ところで、過去、詰めの甘さが一番際立ったのは、大学受験のときです。 じゃあ今回はと言うと、おそらく、ちょっと勉強しただけで合格すると、 図に乗ってしまい、 後で本人が痛い目に会うとかわいそうだと(ギリギリの神様が)思って、 落としてくれたのだと思います。
ええ、そう思うことにします。そう思いますとも。 …ええ、ショックじゃありませんから、今回もはりきってまいりますよ! 今回のお題 - Linux を UPnP 対応にするLinuxマシンを使ってインターネットにつないでいたり、 社内LANから存在していない(ことになっている) ネットワークを Linux マシンでこっそりつないだりなど、 Linux をルータとして使用するケースが、意外とあるのではないかと推測しております。
どちらの場合も、内部のネットワークを外に見せるわけにはいきません。 しかし、そんなときに困るのが、ポートフォワーディングの設定ではないでしょうか。 ユーザさまから、ちょっとこのポートで外からつながるようにしてほしいんだけど、 とお願いされる度に、設定を追加したり削除したりするのは、骨が折れますよね。 会社のポリシーにもよりますが、柔軟な(悪く言えば放置主義的な)ところであれば、 ユーザさまに、それらの設定を行ってもらえば、管理者の貴重な骨を温存できそうです。 というわけで今回は、Linux マシンを UPnP 対応のルータにしてみたいと思います。 とりあえず動かすLinux を UPnP 対応ルータに仕立て上げるには、linux-igd パッケージを使用します。 Ubuntu や Debian, Fedora などの主要なディストリビューションには、 もれなく用意されているようですので、 いつものように yum や apt などを使ってインストールしてください。 # yum install linux-igd (RedHat 系の場合) # apt-get install linux-igd (Debian 系の場合) 設定ファイルは、以下にあります。 ディストリビューションによってパスが異なりますが、記述すべき内容はほぼ同じです。 /etc/sysconfig/upnpd (RedHat 系の場合) /etc/default/linux-igd (Debian 系の場合) 最小限的には、 外側と内側のネットワーク・インターフェースをそれぞれ指定するだけです。 具体的には、外側のインターフェースを EXTIFACE で指定し、 内側のインターフェースを INTIFACE で指定します。 たとえば、外側が eth1 で内側が eth0 なら、以下のように記述します。 EXTIFACE=eth1 INTIFACE=eth0
あとは、以下の手順で、デーモンを起動するだけです。 # /etc/init.d/upnpd start (RedHat 系の場合) # /etc/init.d/linux-igd start (Debian 系の場合) upnpd は、UPnP からの依頼を受け付け、 ポートフォワーディングなどの設定を iptables コマンドを利用して行います。
基本的な設定は、これだけで OK なはずです。 ただ、ファイアーウォールの設定がされている場合、 うまくつながらない可能性があります。

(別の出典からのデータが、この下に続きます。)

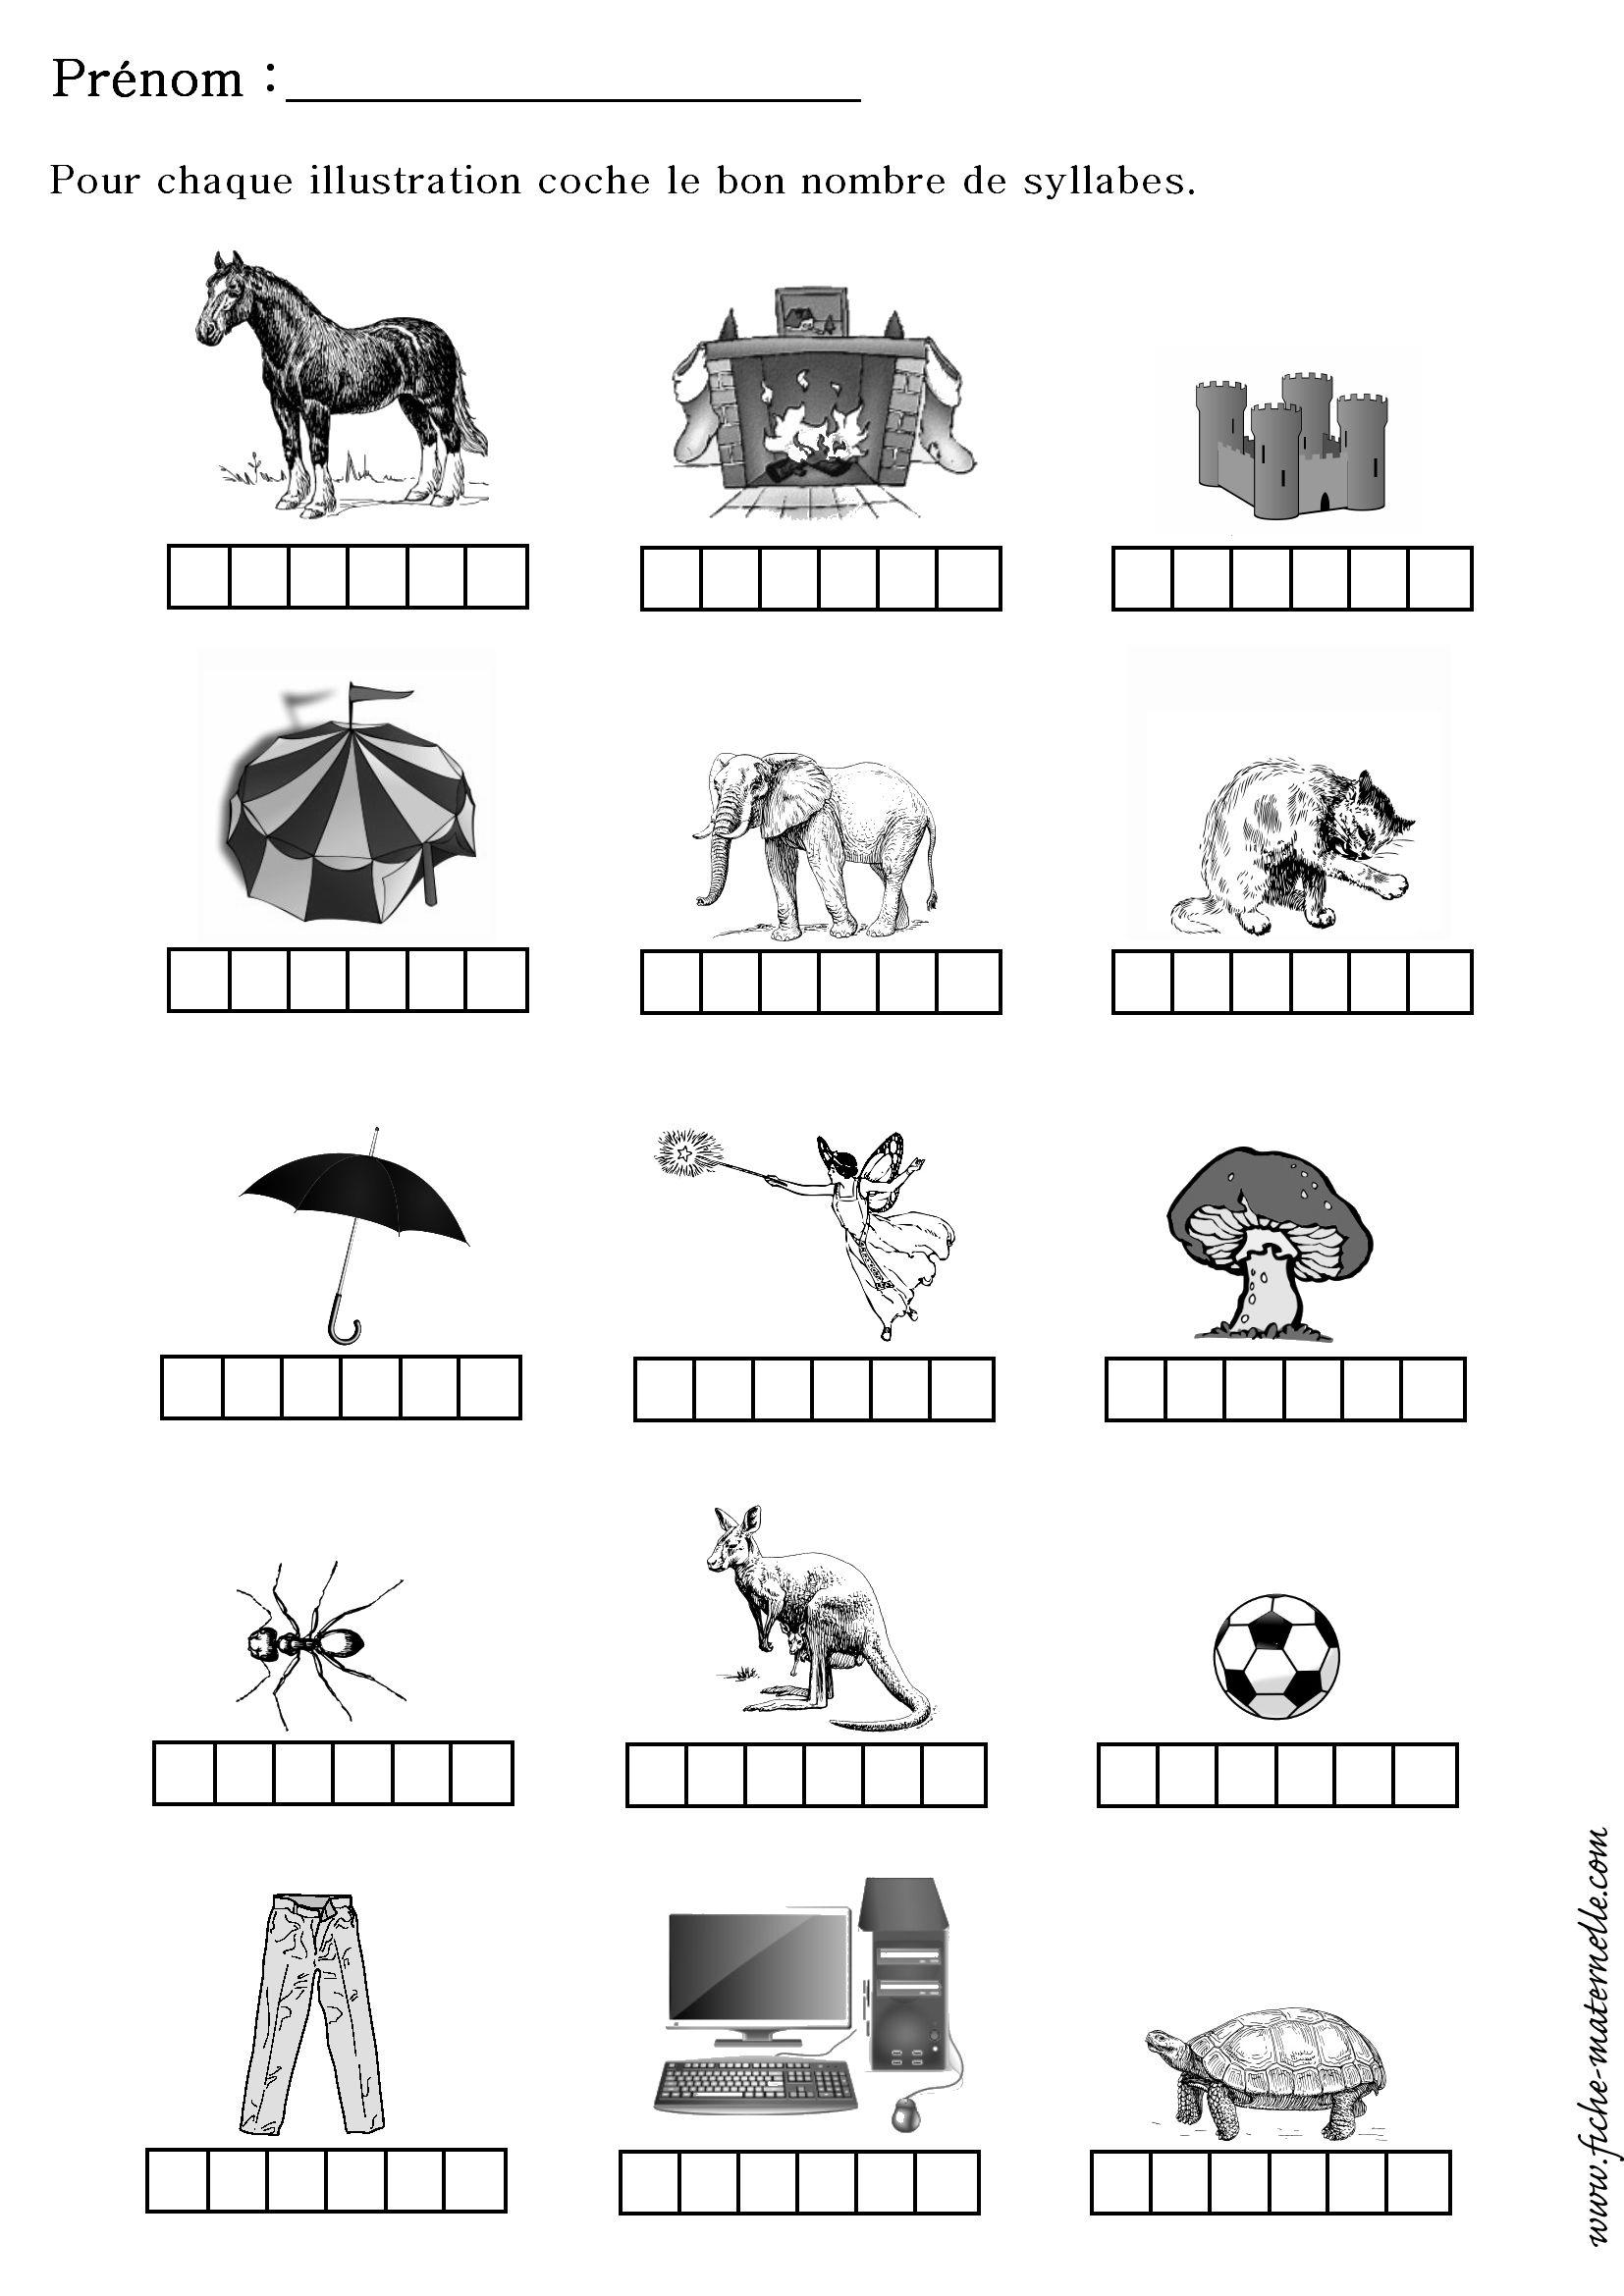 Compter le nombre de syllabes d 39 un mot education pinterest - Couper les mots en syllabes ...

(というか、たぶんつながりません。)
ですので、UPnPを許可する必要がありますが、
ポート番号が決まっているわけではないため、
UPnPだけ許可させるのはかなり難しいように思います。
GNOMEのメニューから、「システム」-「管理」-「ファイアーウォール」を選択して、
「ファイアーウォールの設定」を起動します。 以上で、UPnP がつながるようになるのではないかと思います。
…おっと、あと忘れがちなのが、IPフォワーディングの設定です。
以下のように、procfs で直接設定してもよいですし、
sysctl コマンドを使って設定することもできます。 # echo 1 > /proc/sys/net/ipv4/ip_forward もしくは # sysctl -w net.ipv4.ip_forward=1 動作確認してみる
upnpd が走り始めたところで、実際に設定できるか確認してみましょう。
Vol.181 - UPnP でルータを操作してみる まず、内側のネットワーク上のマシンで、gupnp-universal-cp コマンドを実行します。 すると、出現したウィンドウの左側に、検出したデバイスが表示されますので、 その中に「WANConnectionDevice」があることを確認します。 ありましたら、先頭の三角をクリックして、順に展開していきます。
- WANConnectionDevice
- urn:upnp-org:serviceId:wanipconnection1
+ State variables
+ SetConnectionType
...中略...
+ AddPortMapping
+ DeletePortMapping
+ GetExternalIPAddress
ポートフォワーディングの設定を行うためには、
「AddPortMapping」を右クリックして「Invoke」を選びます。 NewRemoteHost : (ルータの外側のIPアドレス) NewExternalPort : (外からつなげられるルータのポート番号) NewProtocol : (TCP もしくは UDP) NewInternalPort : (フォワード先の内部のマシンのポート番号) NewInternalClient : (内部のマシンのIPアドレス) NewEnabled : (否応なくチェック) NewPortMappingDescription : (お好きな文言を記述) NewLeaseDuration : (使用する期間を秒で指定)
たとえば、以下のように設定して「Invoke」したとしましょう。 NewRemoteHost : 115.146.17.162 (←これはあくまで例ですよ) NewExternalPort : 1080 NewProtocol : TCP NewInternalPort : 80 NewInternalClient : 192.168.1.1 NewEnabled : (チェック) NewPortMappingDescription : Internal web server NewLeaseDuration : 1800 そうしましたら、UPnP対応のルータで、以下のように iptable コマンドを実行します。 # iptables -nL Chain INPUT (policy ACCEPT) target prot opt source destination Chain FORWARD (policy ACCEPT) target prot opt source destination ACCEPT tcp -- 0.0.0.0/0 192.168.1.1 tcp dpt:80 Chain OUTPUT (policy ACCEPT) target prot opt source destination このように、FORWARDチェインに追加されていることがわかります。 具体的に確認するには、外側のマシンから以下にアクセスします。 http://115.146.17.162:1080/ 内側のマシン 192.168.1.1 が提供する WWW のページが表示されることを確認してください。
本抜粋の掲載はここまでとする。